Working data:
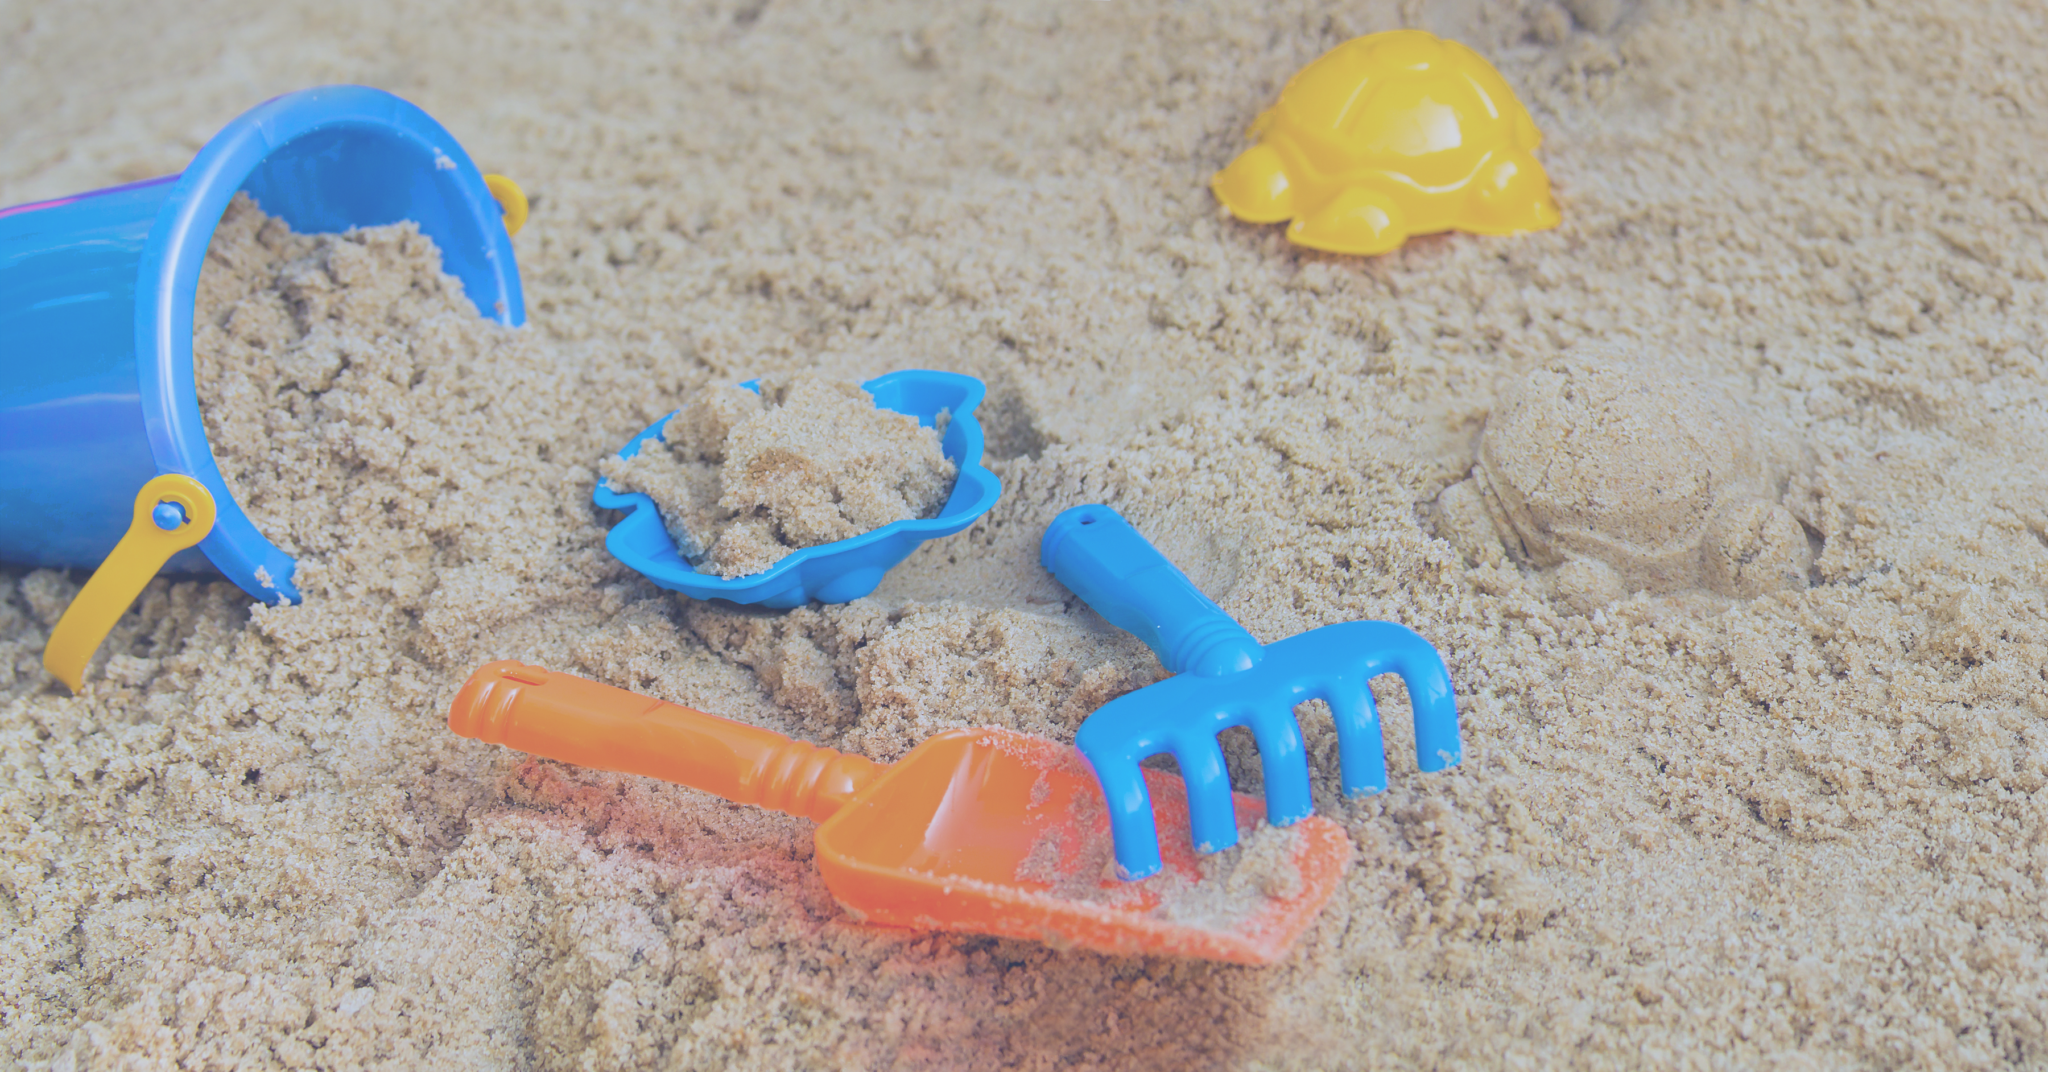 Children's bucket and other toys sitting in a sandbox - Votiro
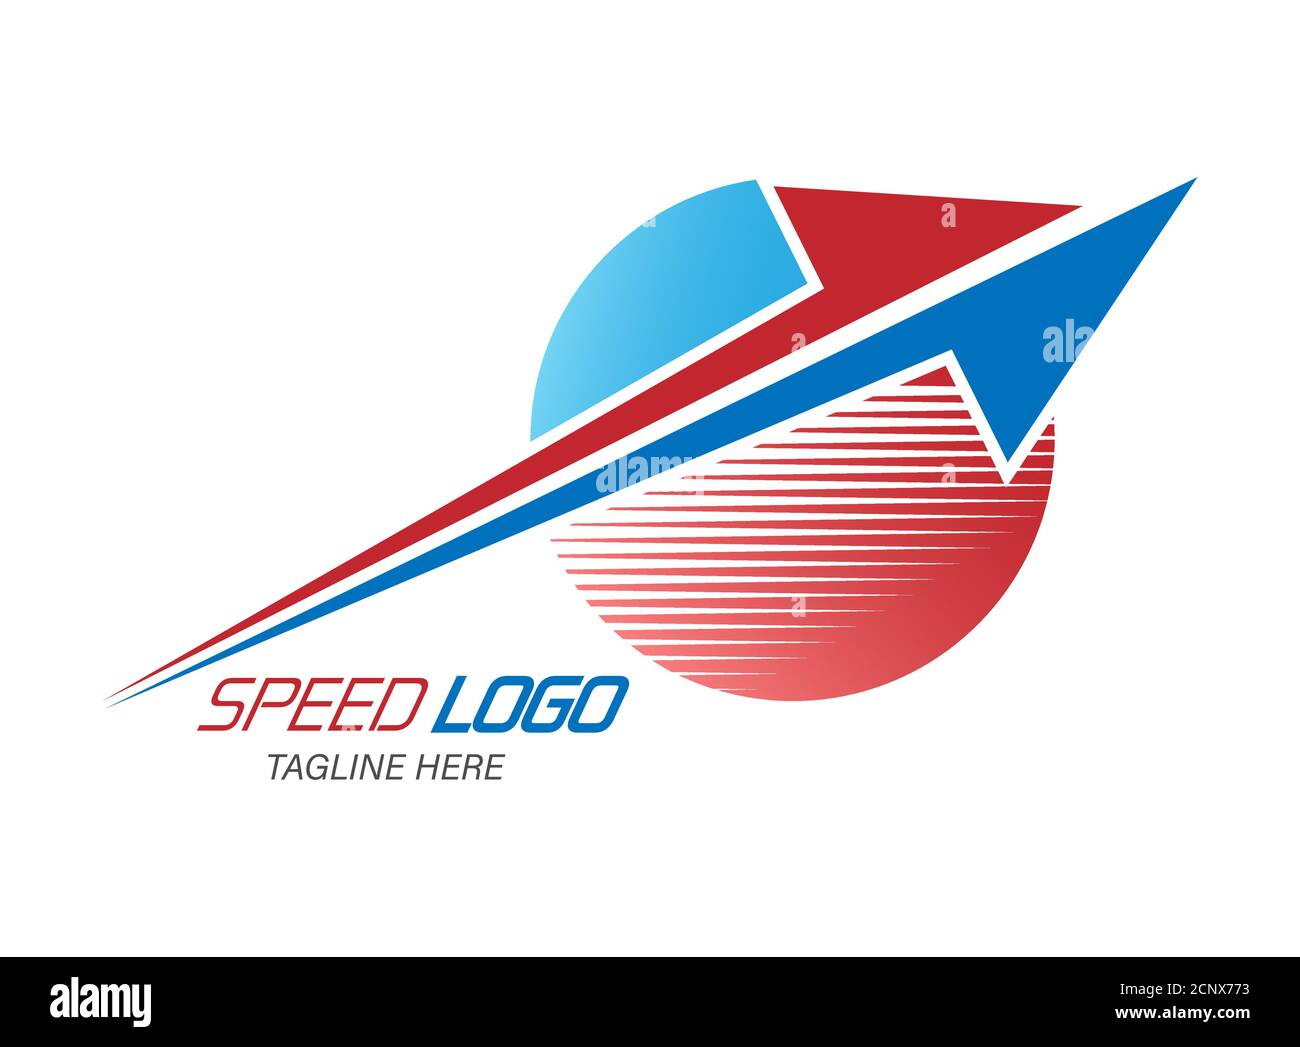 Speed logo.une flèche rouge et bleue divisée avec un demi-cercle. Illustration vectorielle simple isolée sur fond blanc Illustration de Vecteur
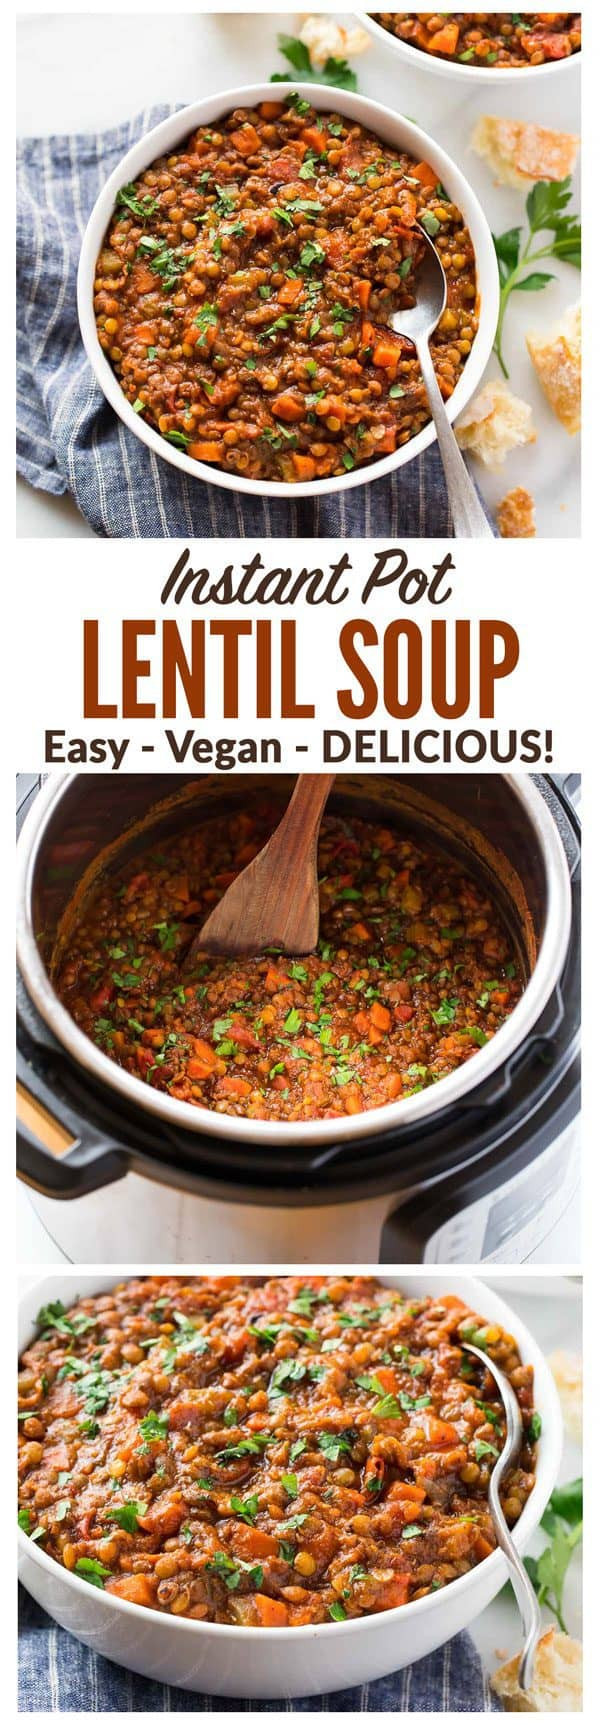 Healthy Instant Pot Recipes Vegetarian
 Instant Pot Lentil Soup
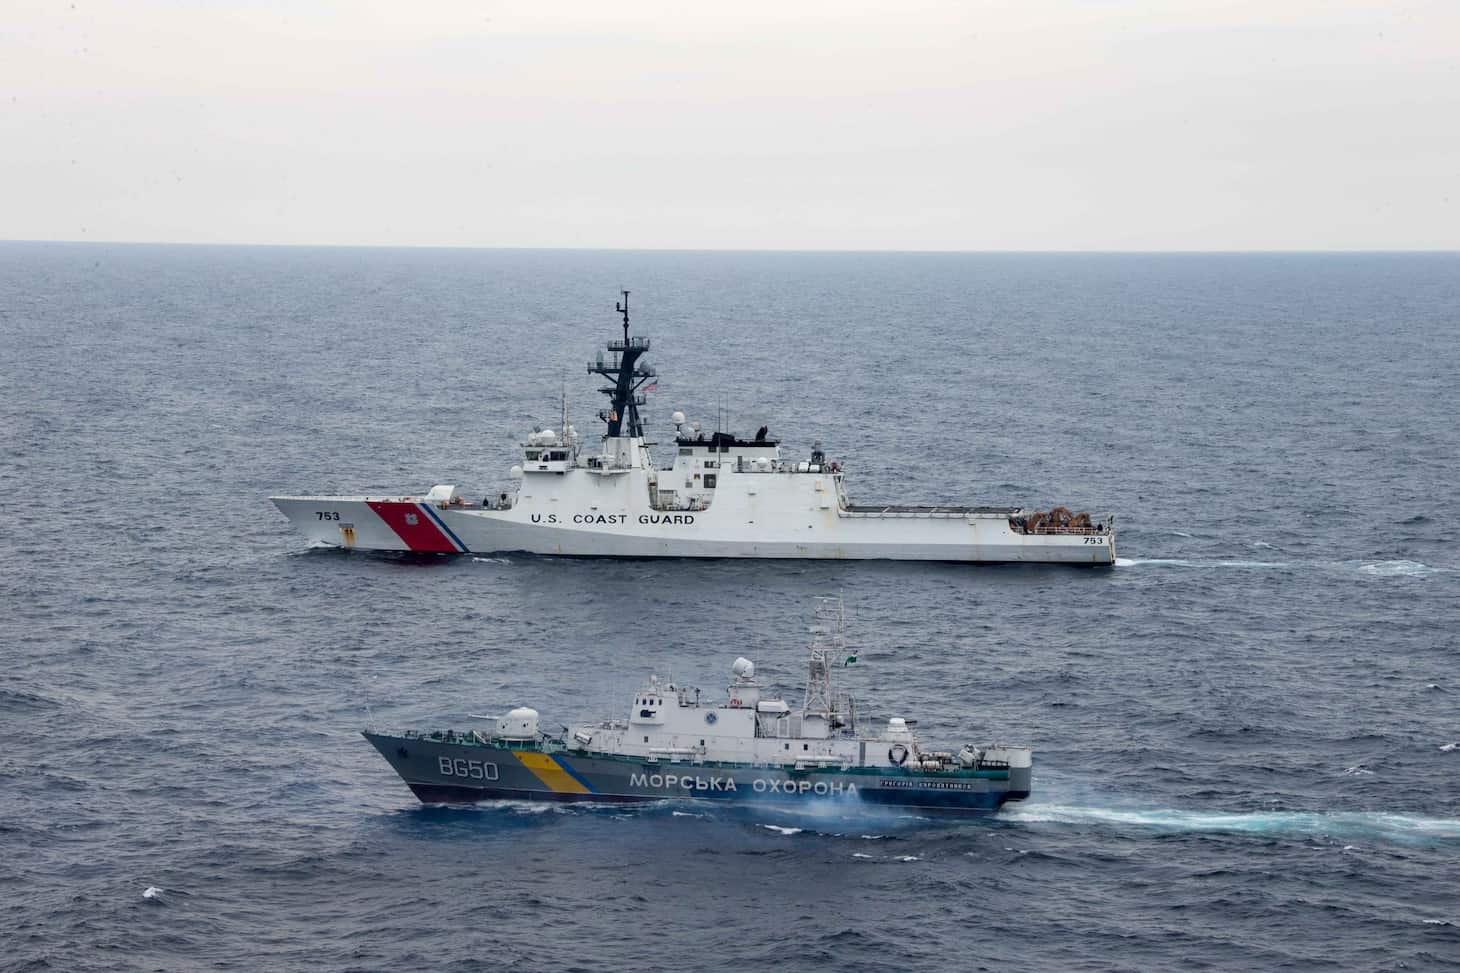 Куттер Hamilton Берегової охорони США разом з кораблем «Григорій Куроп'ятніков» (BG50)

Problem: Could you write out exactly the lines running from the one with "Instant Pot Lentil Soup" through the last line of the data above, both ends kept, and omit any picture?

Written response:
 Instant Pot Lentil Soup
 Куттер Hamilton Берегової охорони США разом з кораблем «Григорій Куроп'ятніков» (BG50)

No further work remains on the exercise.